(DATA EXTRACT)

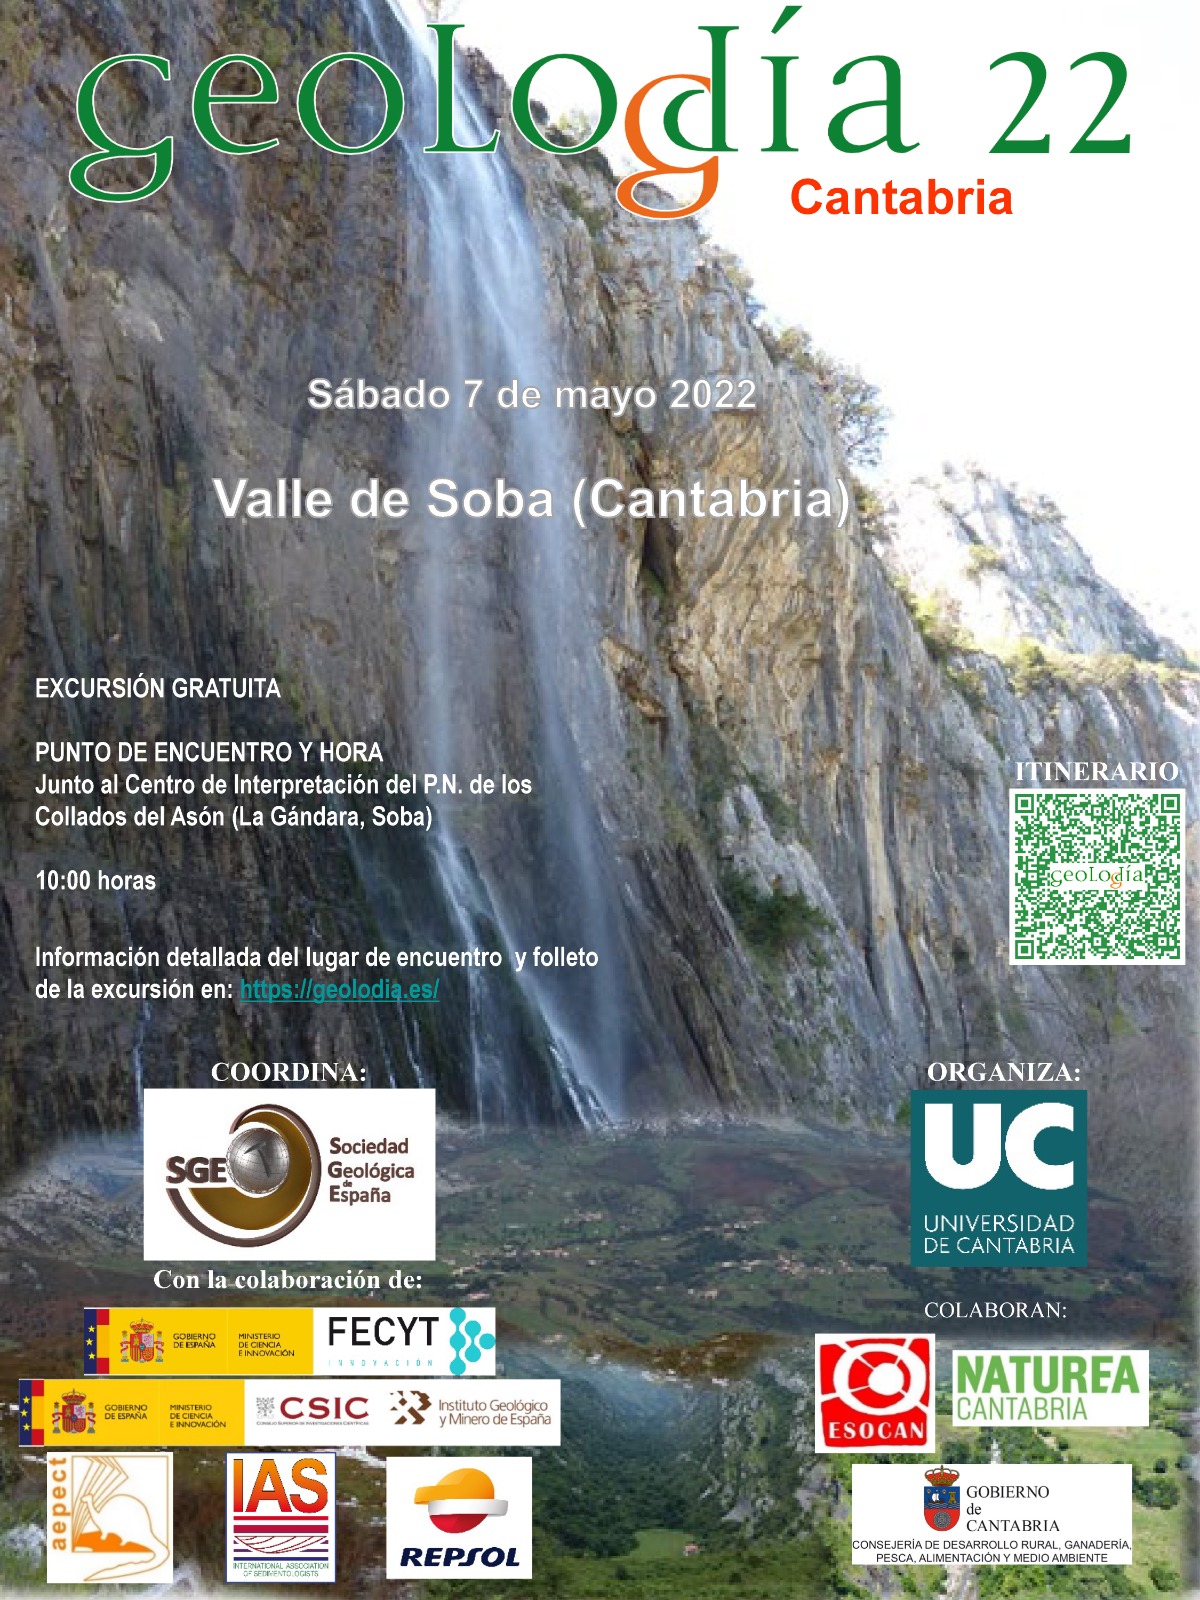 Geolodía Cantabria 2022 – Excursión gratuita
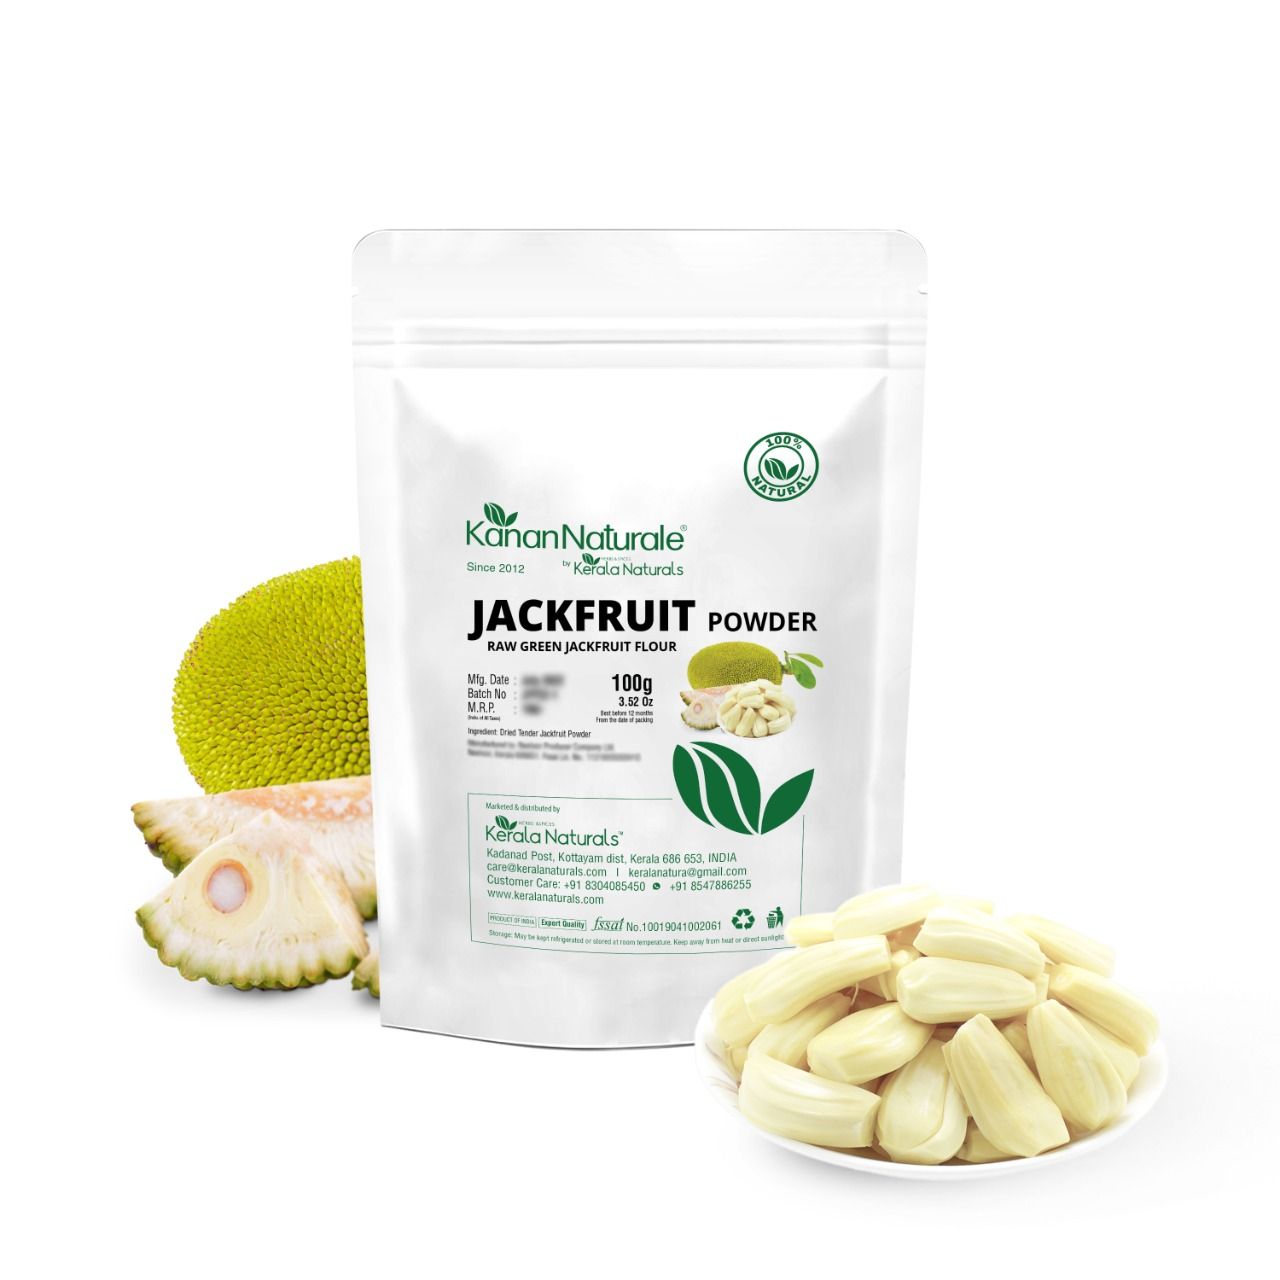 Kanan Naturale Jackfruit Powder / Raw Green Jackfruit Flour
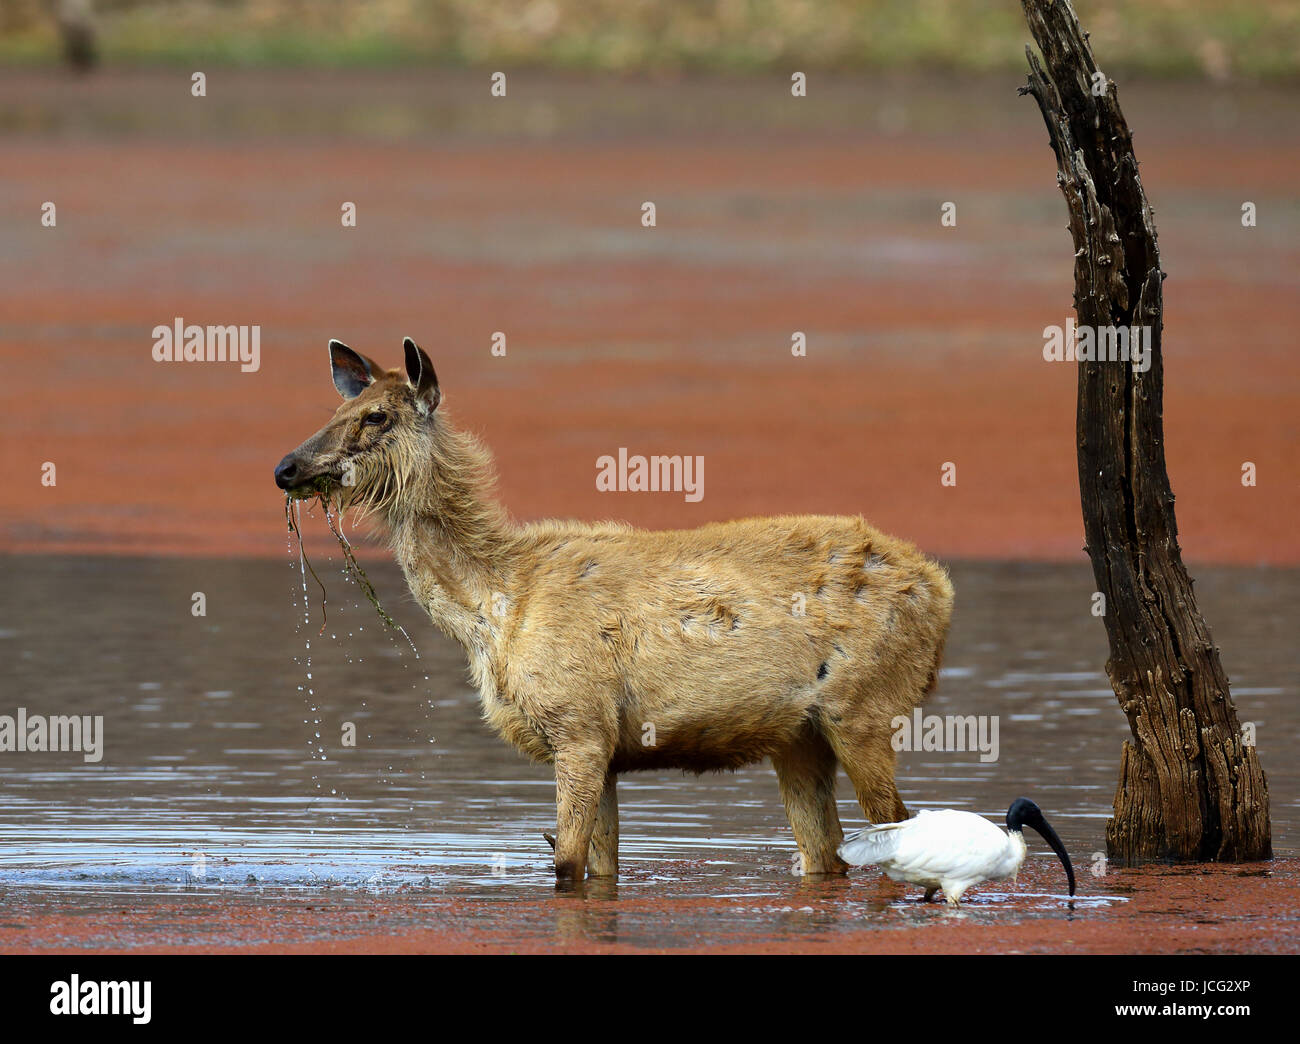 Hirsch steht im Wasser des Flusses in freier Wildbahn. Indien. Nationalpark. Stockfoto
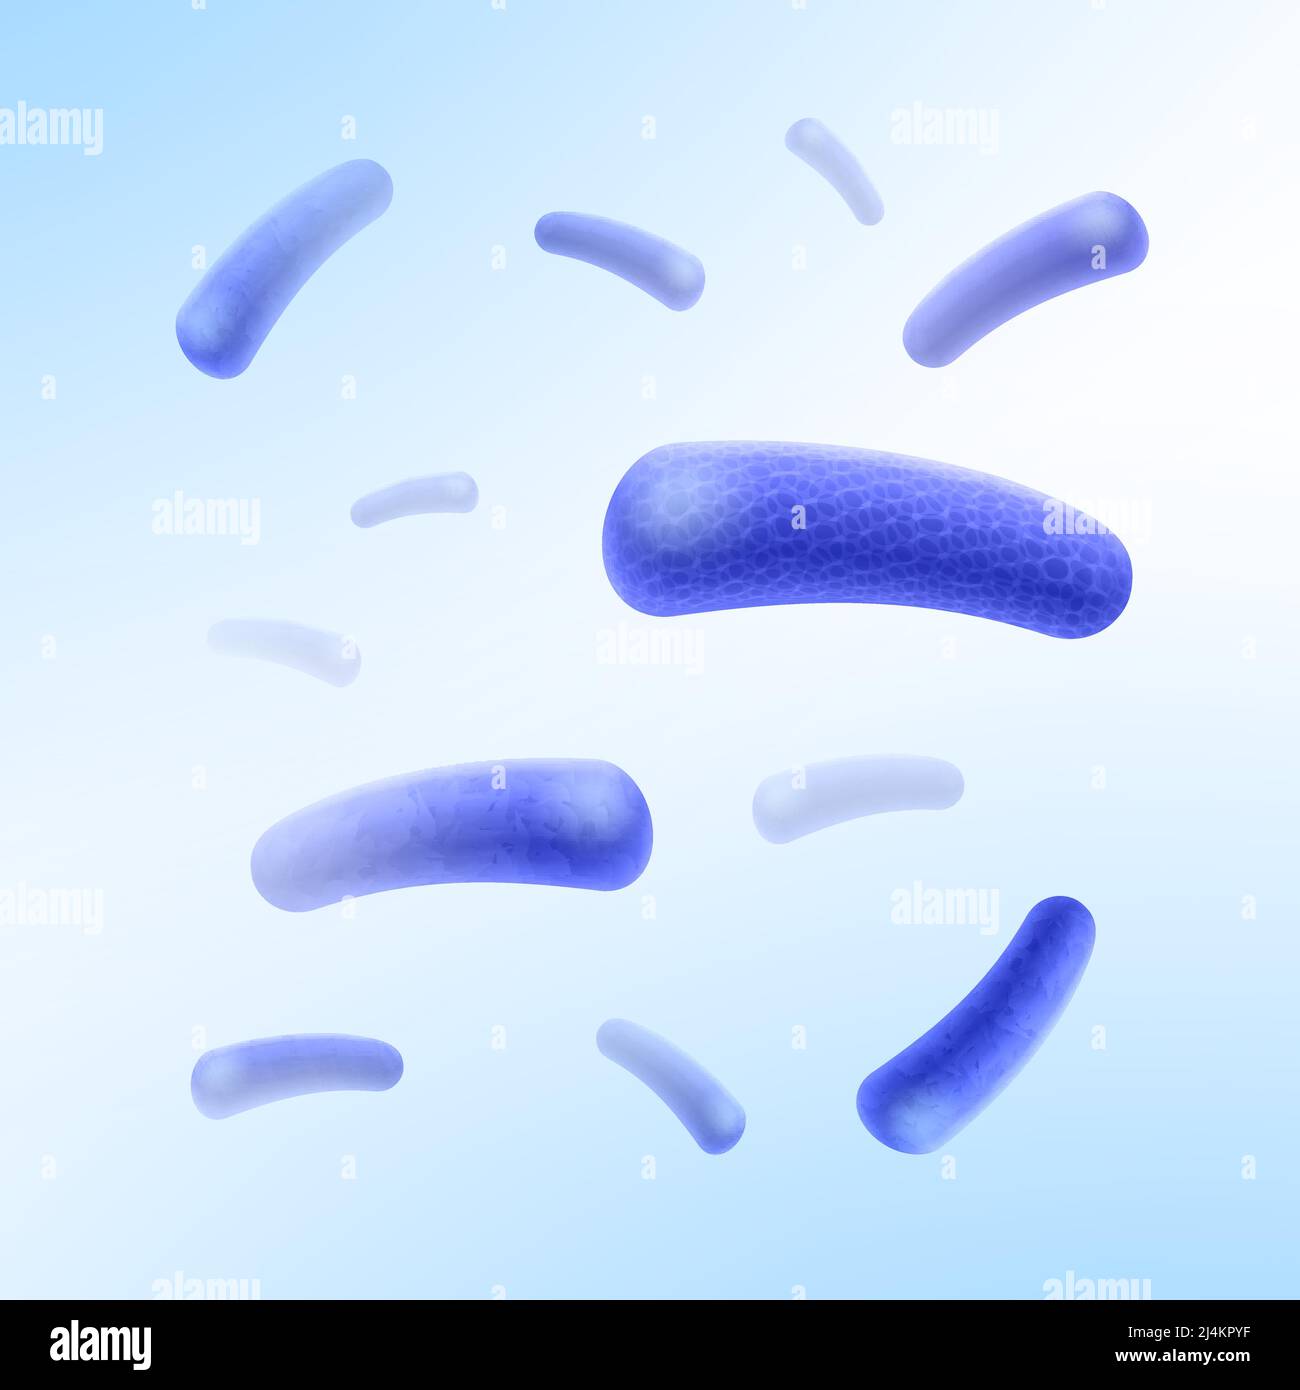 Vektor-blaue Stab-förmige Bazilli Bakterien fliegen chaotisch im weißen Raum Stock Vektor

(End DATA EXTRACT)

# TASK OBJECTIVE
Output only these lines, word for word: the line containing "Kanan Naturale Jackfruit" and every line after it through the last line of the data. Omit the pictures.

# RESPONSE BOX
 Kanan Naturale Jackfruit Powder / Raw Green Jackfruit Flour
 Hirsch steht im Wasser des Flusses in freier Wildbahn. Indien. Nationalpark. Stockfoto
 Vektor-blaue Stab-förmige Bazilli Bakterien fliegen chaotisch im weißen Raum Stock Vektor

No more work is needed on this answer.